“Under God” Is Safe, But Does it Matter?

The words “In God We Trust” and “Under God” are still safe and will be allowed to be printed on our currency and recited in our schools.  The United States Court of Appeals for the Ninth Circuit, one of the most liberal of all Federal Courts, ruled last Thursday that the slogans do not constitute a governmental establishment of religion.  This came from a lawsuit filed by Michael Newdow.

Hey, this is good news, no doubt about it.  We of course want to see the recognition of God’s providence and care over our nation continue to be printed and recited in our national currency and pledge.  For those of us who take seriously the book of Romans, we pray for our country and for our leaders to recognize that the God of the Bible builds up and tears down nations, potentially permitting them to self-destruct in their own sinful desire (Romans 1, 13).  Anytime a ruling or other happenstance supports the continued observance of God in our culture and country, I am pleased.

But let’s be realistic about what this ruling is all about, and to some degree, be perplexed.  The Ninth Circuit did not suddenly become convicted by Romans chapter 1 and 13 as mentioned above.  That is not their duty, and frankly, none of us want them citing biblical passages in the writing of their summation.  I don’t want judges citing the Koran, the Book of Mormon, or the eightfold path of enlightenment either.  As Christians, our prayers should be for men and women to sit in our courts who fear God, believe the Bible, and are moved by their faith, yet judge based on the constitution and rightly interpreting the law.  Thus, the reason for this ruling is simply because the Court decided that those simple slogans carry no theological significance as to make them a phrase of establishment.  The ruling was summarized like this:

It is not easy to discern any religious significance attendant the
payment of a bill with coin or currency on which has been imprinted ‘In
God We Trust’ or the study of a government publication or document
bearing that slogan. . . .   While ‘ceremonial’ and ‘patriotic’ may not
be particularly apt words to describe the category of the national
motto, it is excluded from First Amendment significance because the
motto has no theological or ritualistic impact.

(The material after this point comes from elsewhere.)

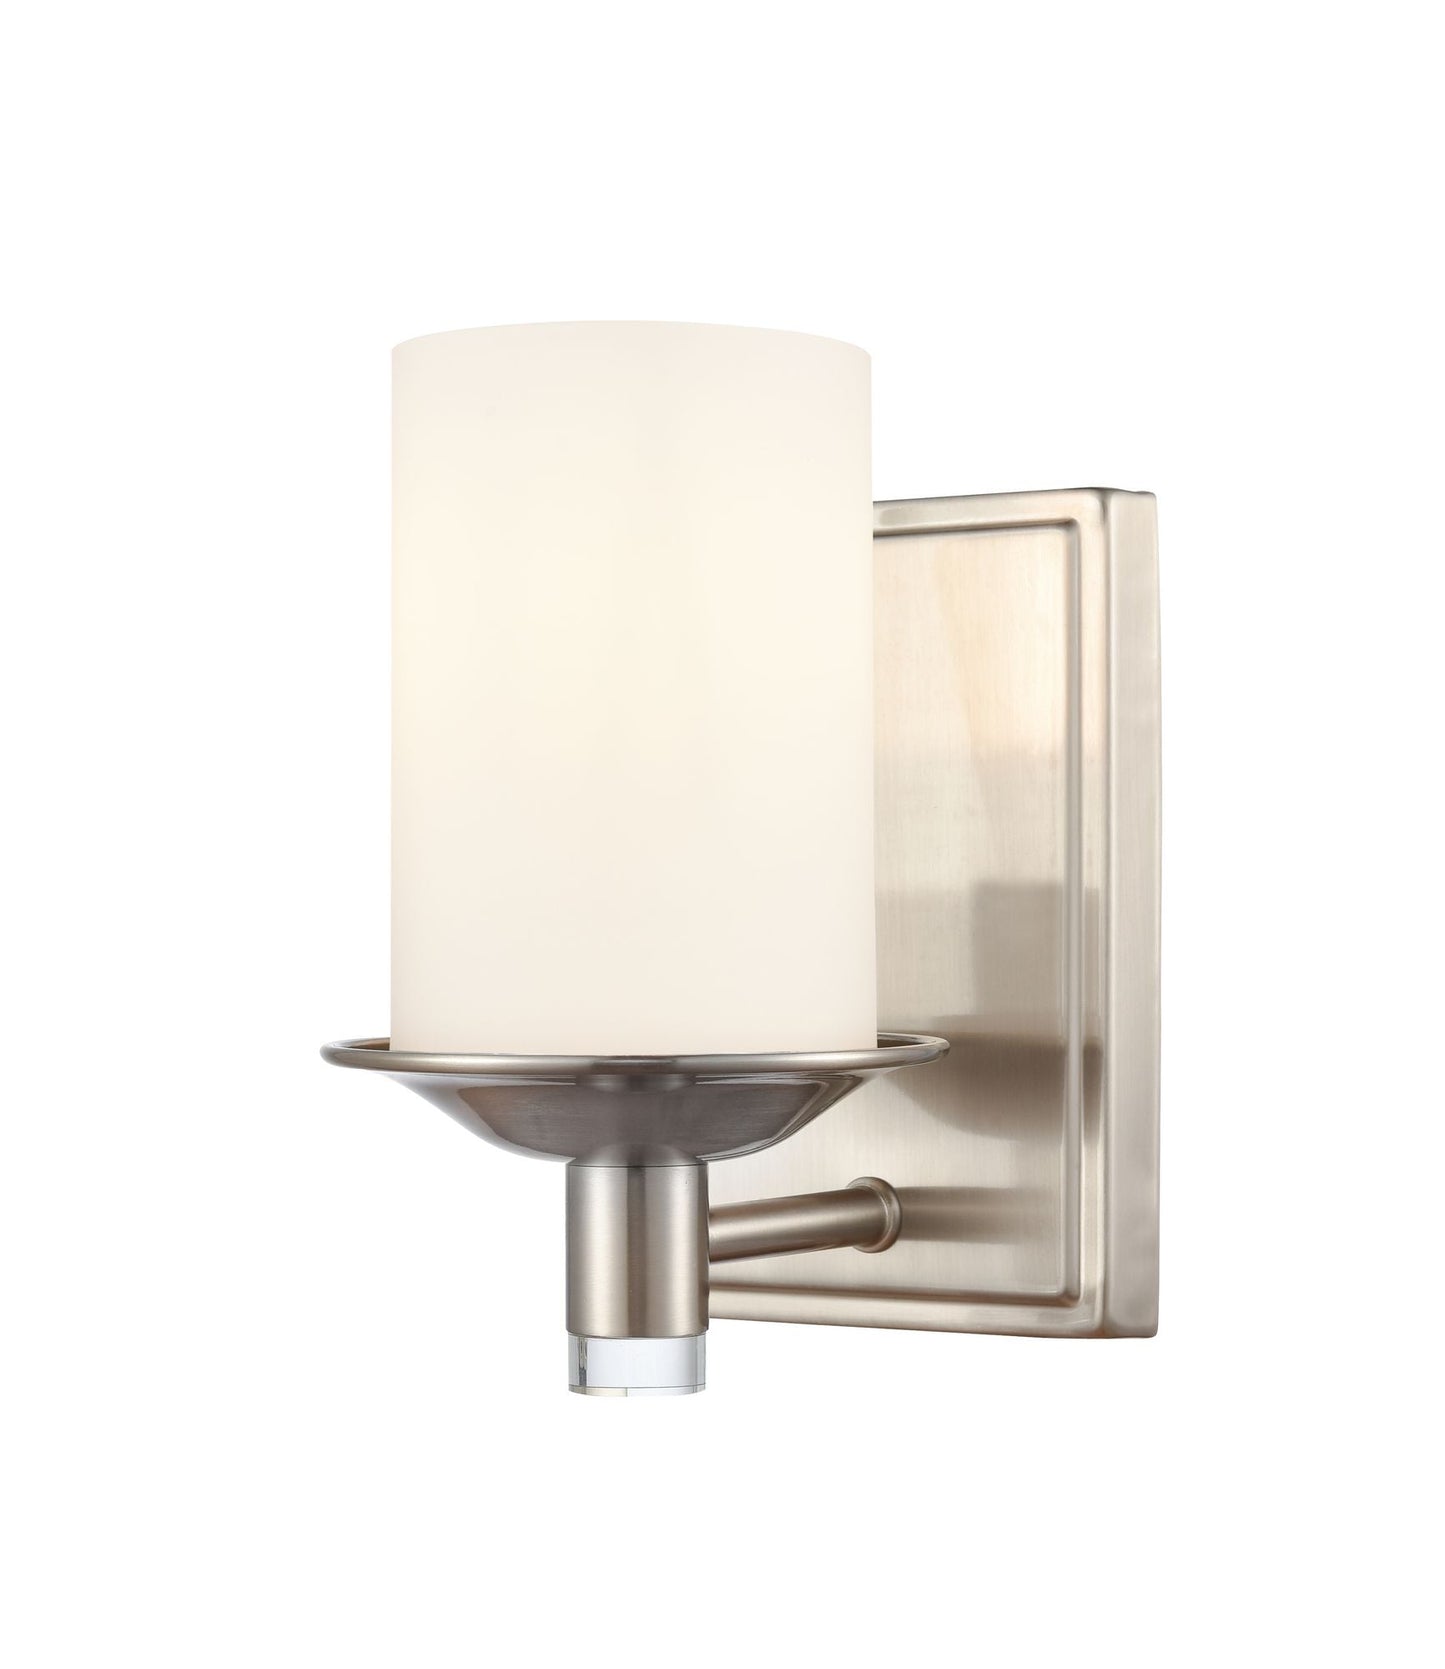 1-Light 4.75" Matte Black Bath Vanity Light - White Manhattan Glass Glass Shade Included LED

As stated by the
Congressional report, it has ‘spiritual and psychological value’ and
‘inspirational quality

According to the court’s opinion, the national motto and similar slogans carry with them a “pep rally” concept that can inspire us to be a better nation, but does not carry any kind of theological impact.  The word “God” is just another use of language to encourage the heart and spiritualize the mind.  And if possible, motivate us to be a better people and a better nation.  I find it incredibly interesting that the court is willing to let that interpretation win the day when by their own admission the slogan is pointless (at least to them), so why not error on the side of caution and remove any mention of a deity from all national pledges, currency, etc?

More concerning to me than if the words “Under God” remain on our money is if the summation of the court’s ruling hits home in ways that should cause our knees to buckle.  Not as it relates to our country, but rather as it relates to our churches.  When our churches hear the word “God” I wonder what comes to mind.  After all, that is most important thing about us.  A.W. Tozer says it best:  “What comes into our minds when we think about God is the most important thing about us. . . .for this reason the gravest question before the Church is always God Himself.”  The court’s understanding of how “Under God” is understood by our country to be more of a motivational, patriotic emblem carries a striking and painful parallel to how we in the Church are progressing in our view of God.  We go church to “get something”, to “feel better”, and to “increase our worth, wealth, and significance.”  But can many who shout in the streets about the removal of the Ten Commandments from the schools actually recite them?  Can the many who speak in anger against those who would dare act to remove “Under God” from our currency actually say they are under God?  Are our concerns about these kind of issues more political than spiritual?  Listen to what Dr. Russell Moore has to say about this issue:

Why are we so desperate to see “God” affirmed by the outside culture,
even when the “God” they’re talking about more closely resembles Zeus
(or, as in this case, Lucifer) than Yahweh? When we reach this point of
perpetual outrage, are we closer to identity politics than gospel
proclamation? I’m afraid so.

  What if, instead, we loved the world the way God does (Jn. 3:16),
and not the way the satanic powers ask us to? What if we loved the
world through verbal proclamation and self-sacrificial giving, not by
seeking product placement for the Trinity? Rather than expecting our
politicians and musicians and actors to placate us with platitudes to
some generic god, let’s work with them where we can on “doing good to
all people” (Gal. 6:10).
Let’s proclaim the God of a crucified and resurrected Lord Jesus. And
let’s teach our kids and our converts the actual content of the
biblical revelation.


I am thrilled to hear of the court’s decision.  I am more thrilled when I see the people of God more concerned with being crucified with Christ than with a slogan on a dollar bill.